# US Work Visa



## bokboy22 (Jan 20, 2010)

Hi all

I have a question regarding general immigration. I am 37 with British and Australian passport. I am a qualified airline pilot and have 10 years I.T. experience before that.

I wish to emigrate to the US permanently to live and work. I am single at the moment with no kids. I currently reside in the U.K. but have had enough and want to get out of London.

I also wish to start my own business, as pilots get a lot of time off, but I am not sure what in yet. I have been looking into import/export, so is some sort of business visa possibly the way to go.

Just so you know, I cant put down 1 million dollars hard cash as I dont have that. 

Besides the green card lottery and marrying an American girl, what are my chances of being granted emigration status and what work visa(green card) would I apply for.

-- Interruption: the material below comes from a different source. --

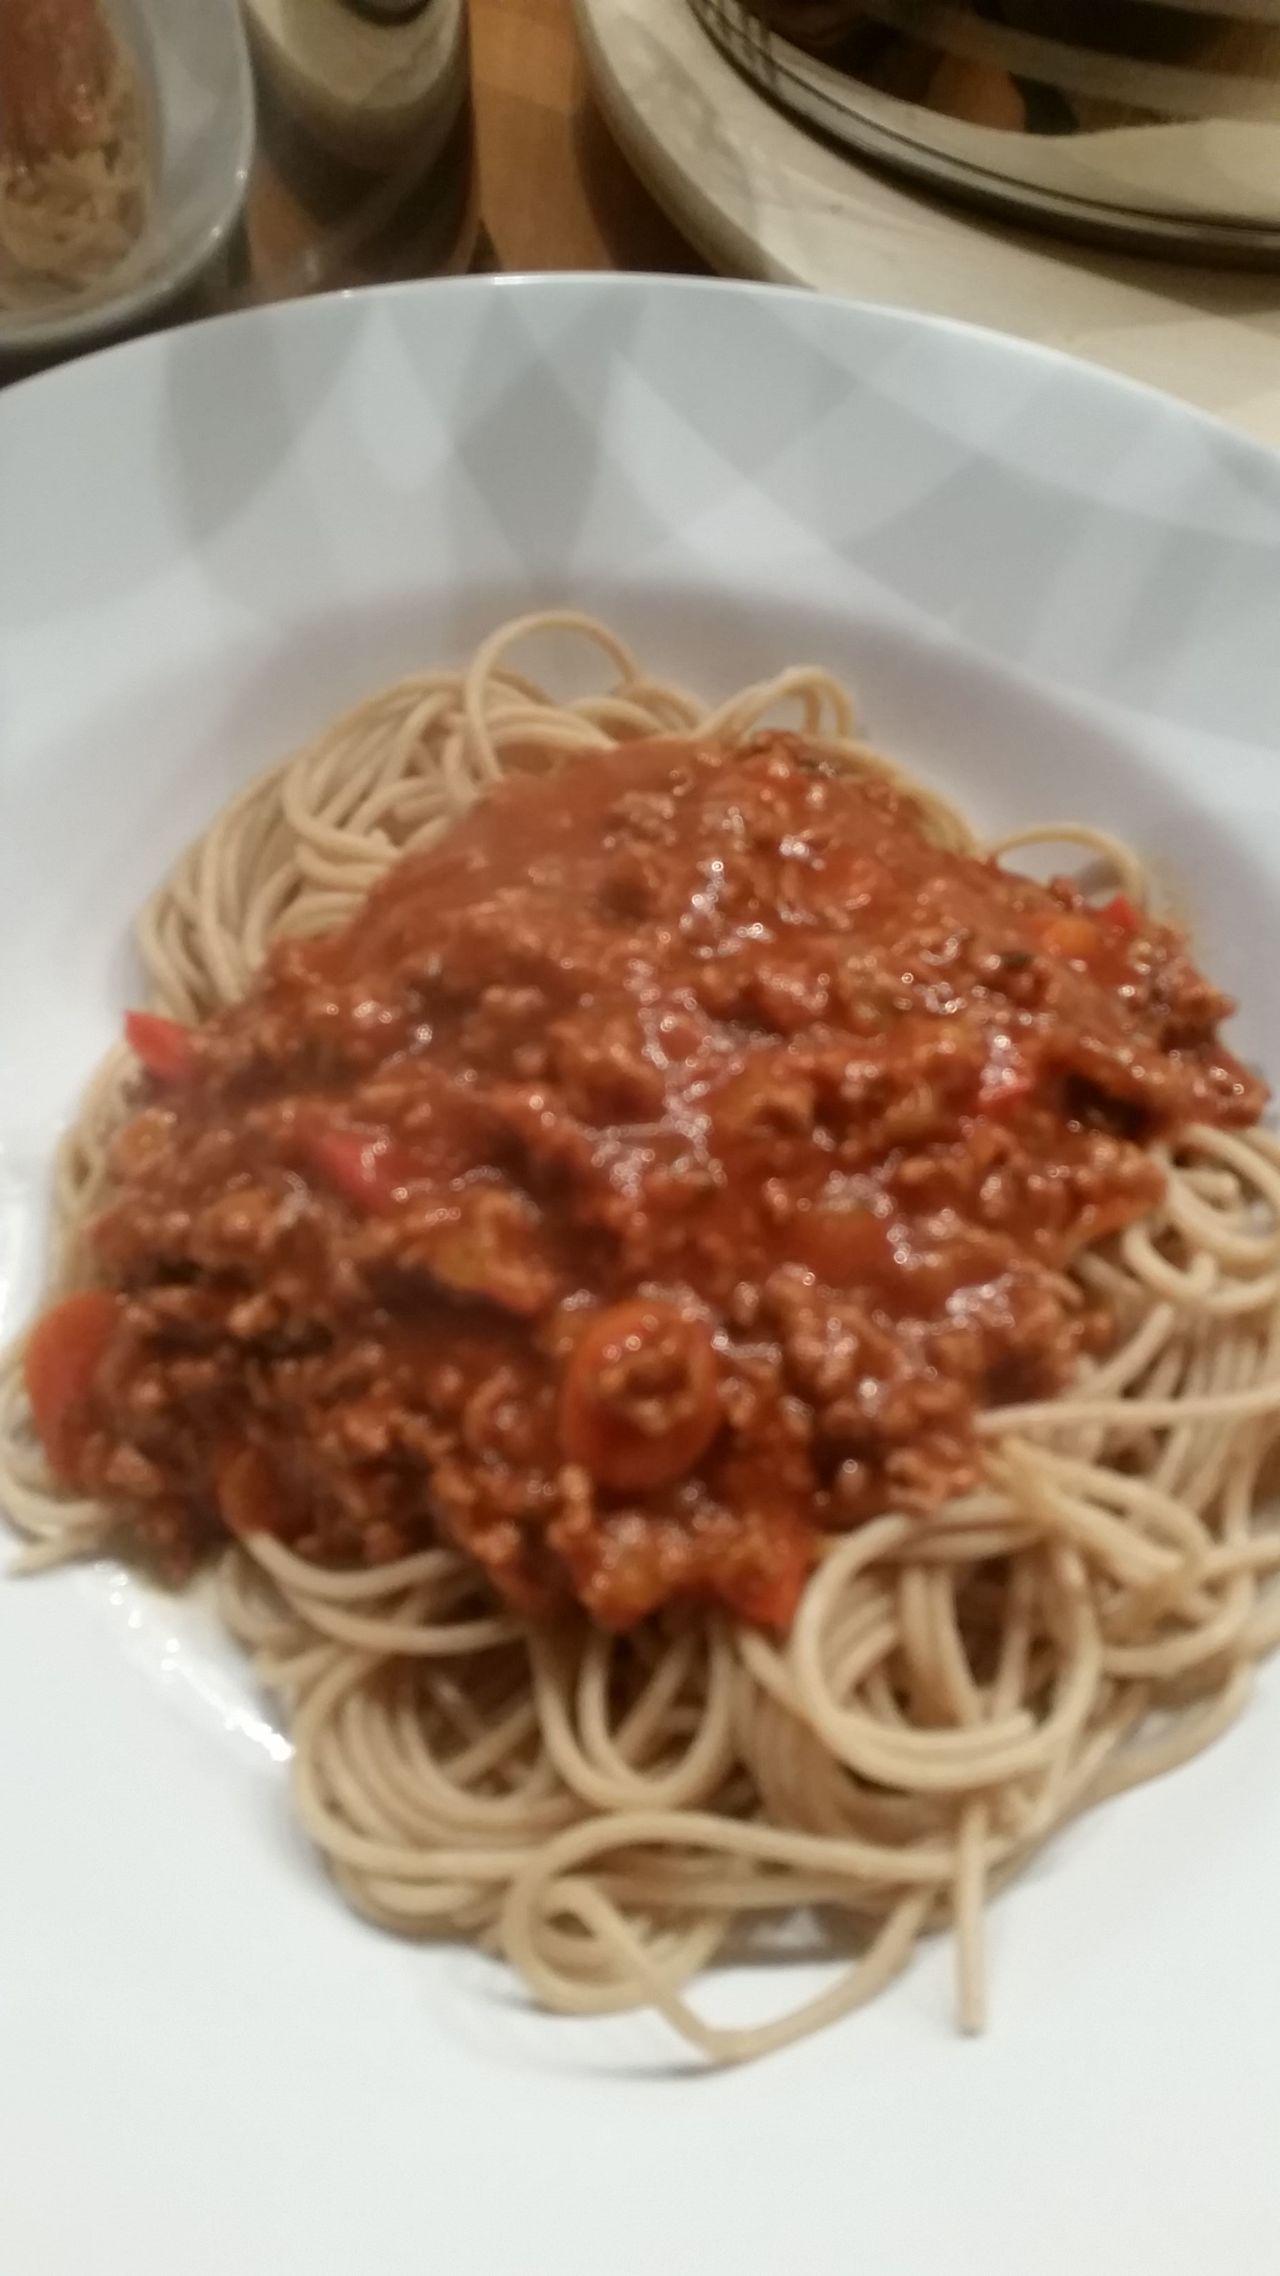 Gesund essen Hello World Taking Photos Spaghetti Bolognese Spaghetti. Essen
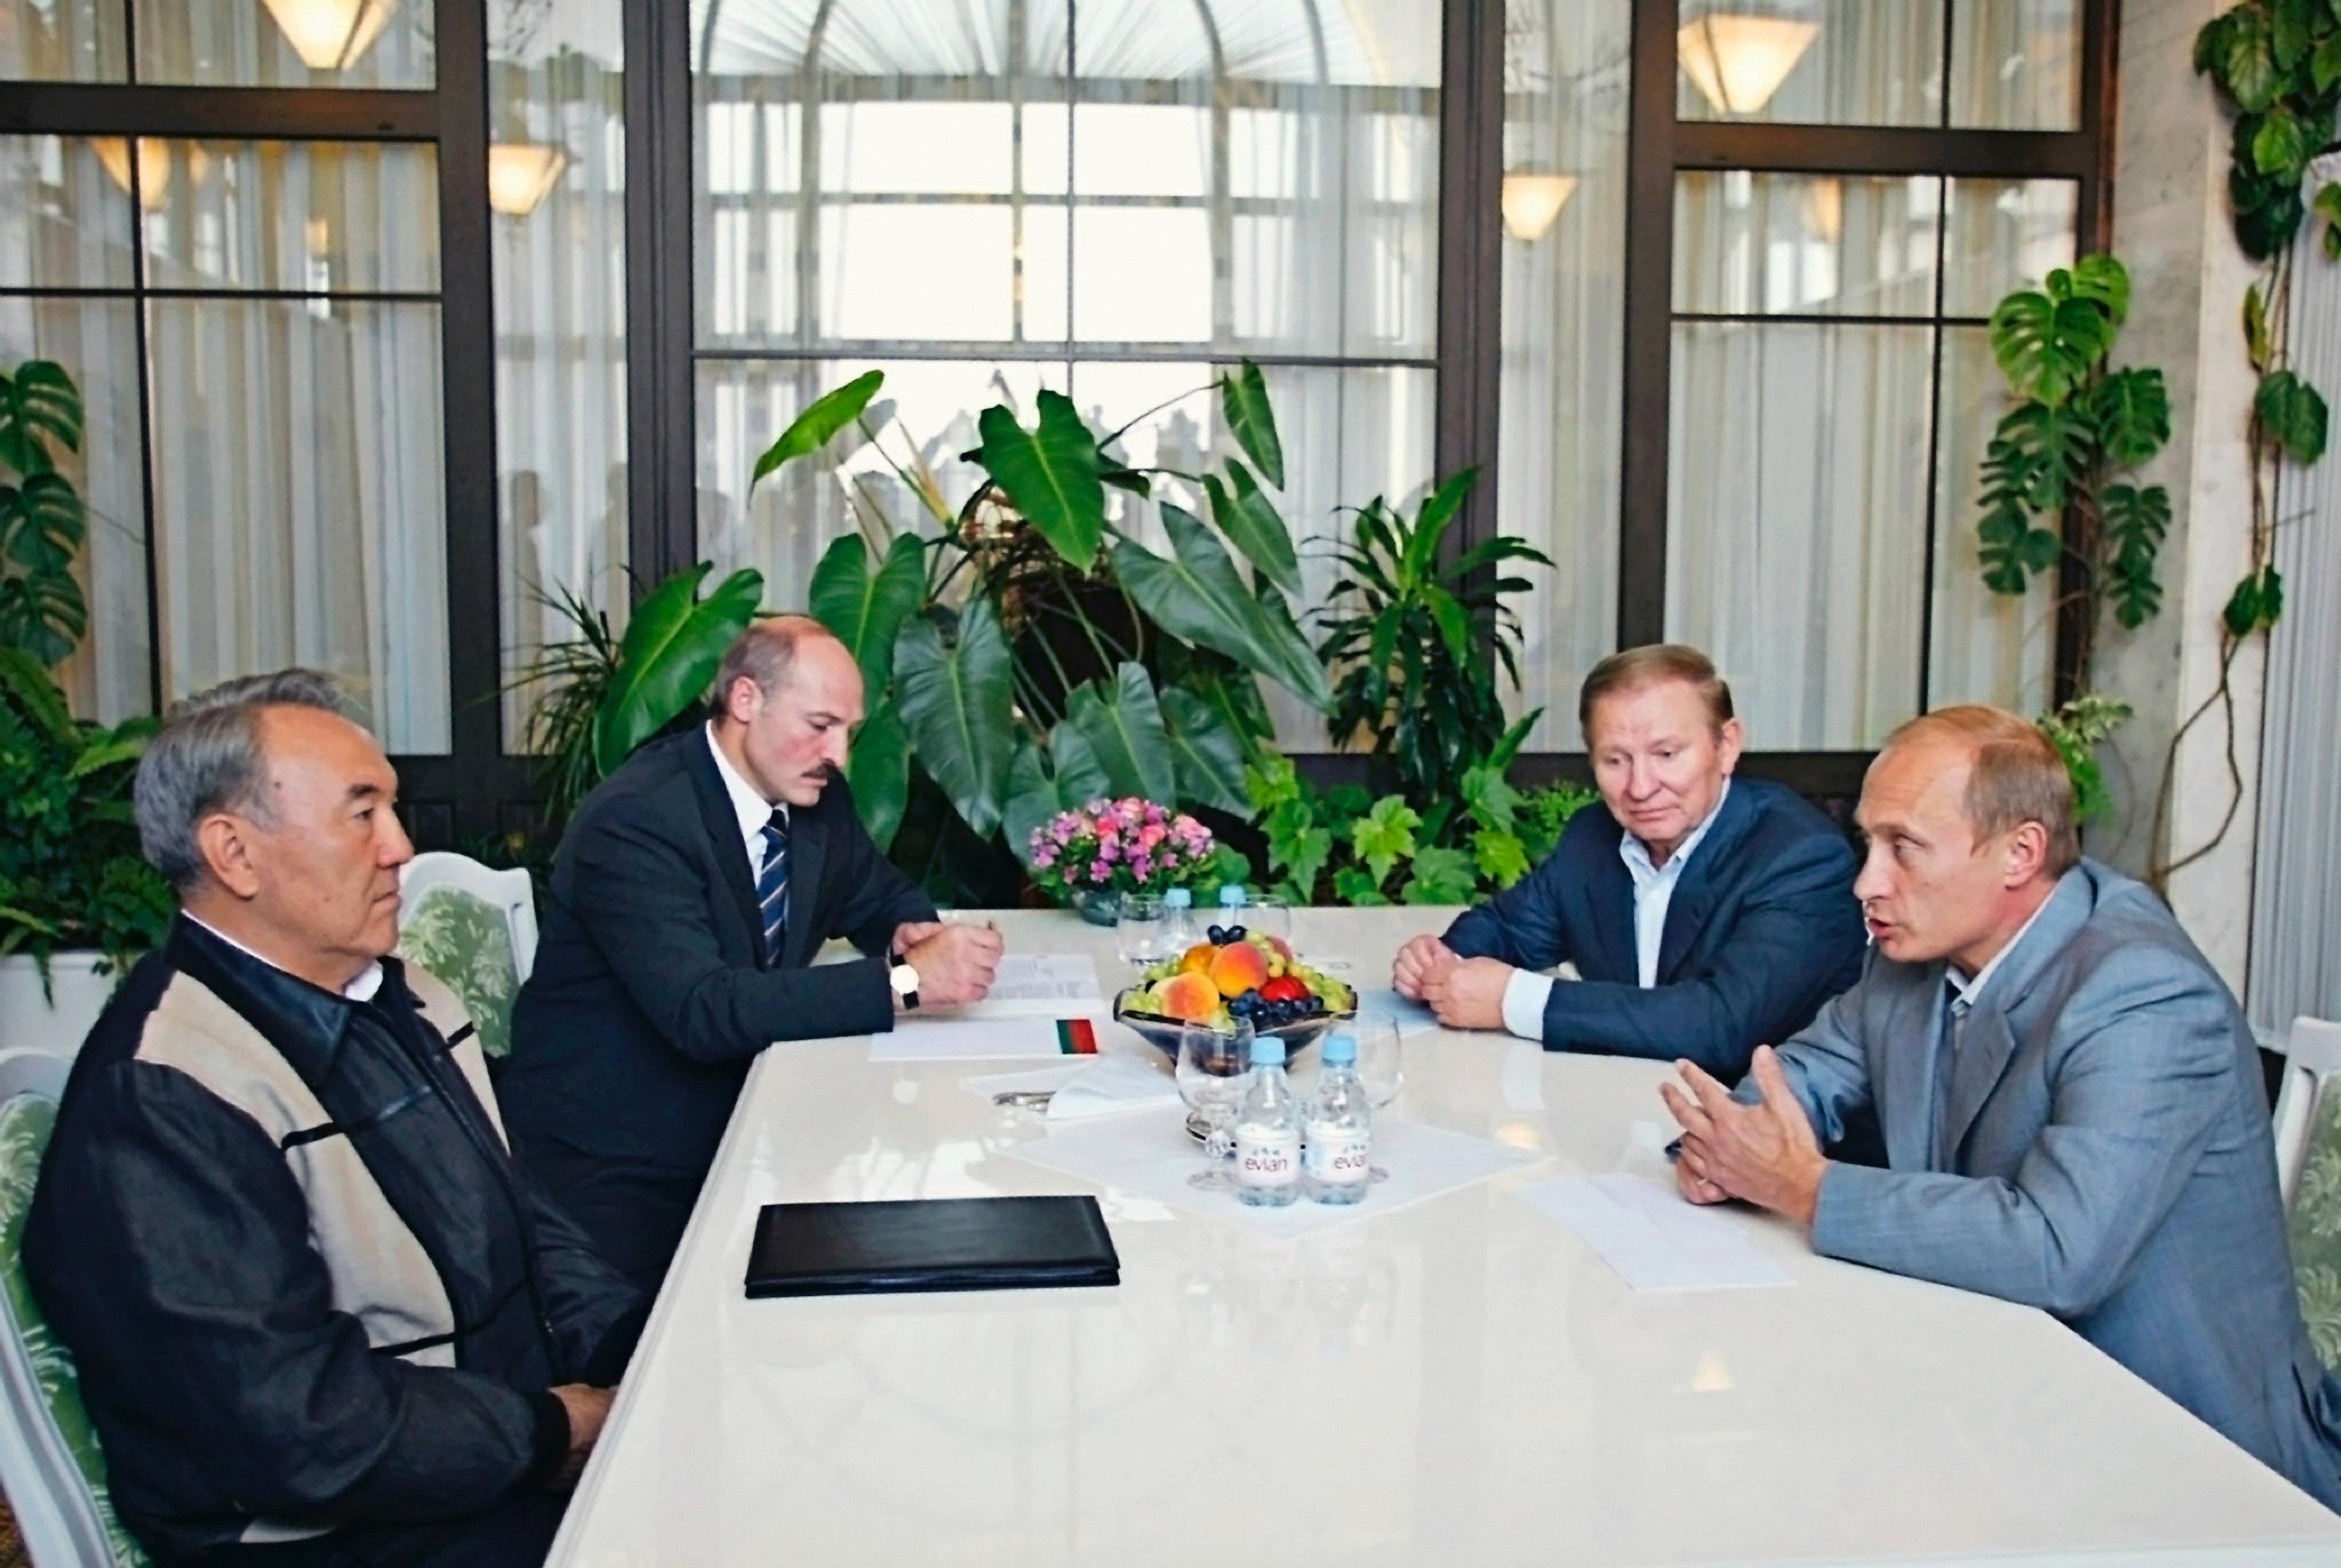 Томик Макиавелли: Лукашенко подарил Кучме плюшевого петуха, аКучма вответ

I appreciate anybodys help and am really keen to get over there within the next 12 months. I am open to all suggestions.

Thanks

Chris


----------



## twostep (Apr 3, 2008)

Qualified airline pilot does not say anything. What rating, how many hours, what seat? Depending on how long you have been out of IT the 10 years will not bring an employer sponsored visa. "Some export and import" will not do. Go through the stickies at the beginning of the forum or uscis.gov and read up on investor visas. Business plan, proven funds, creation of jobs for US market, investment at risk and renewal of the whole story every two years with no way of applying for a Green Card. At 500k a different story. Green card is part of the package.


----------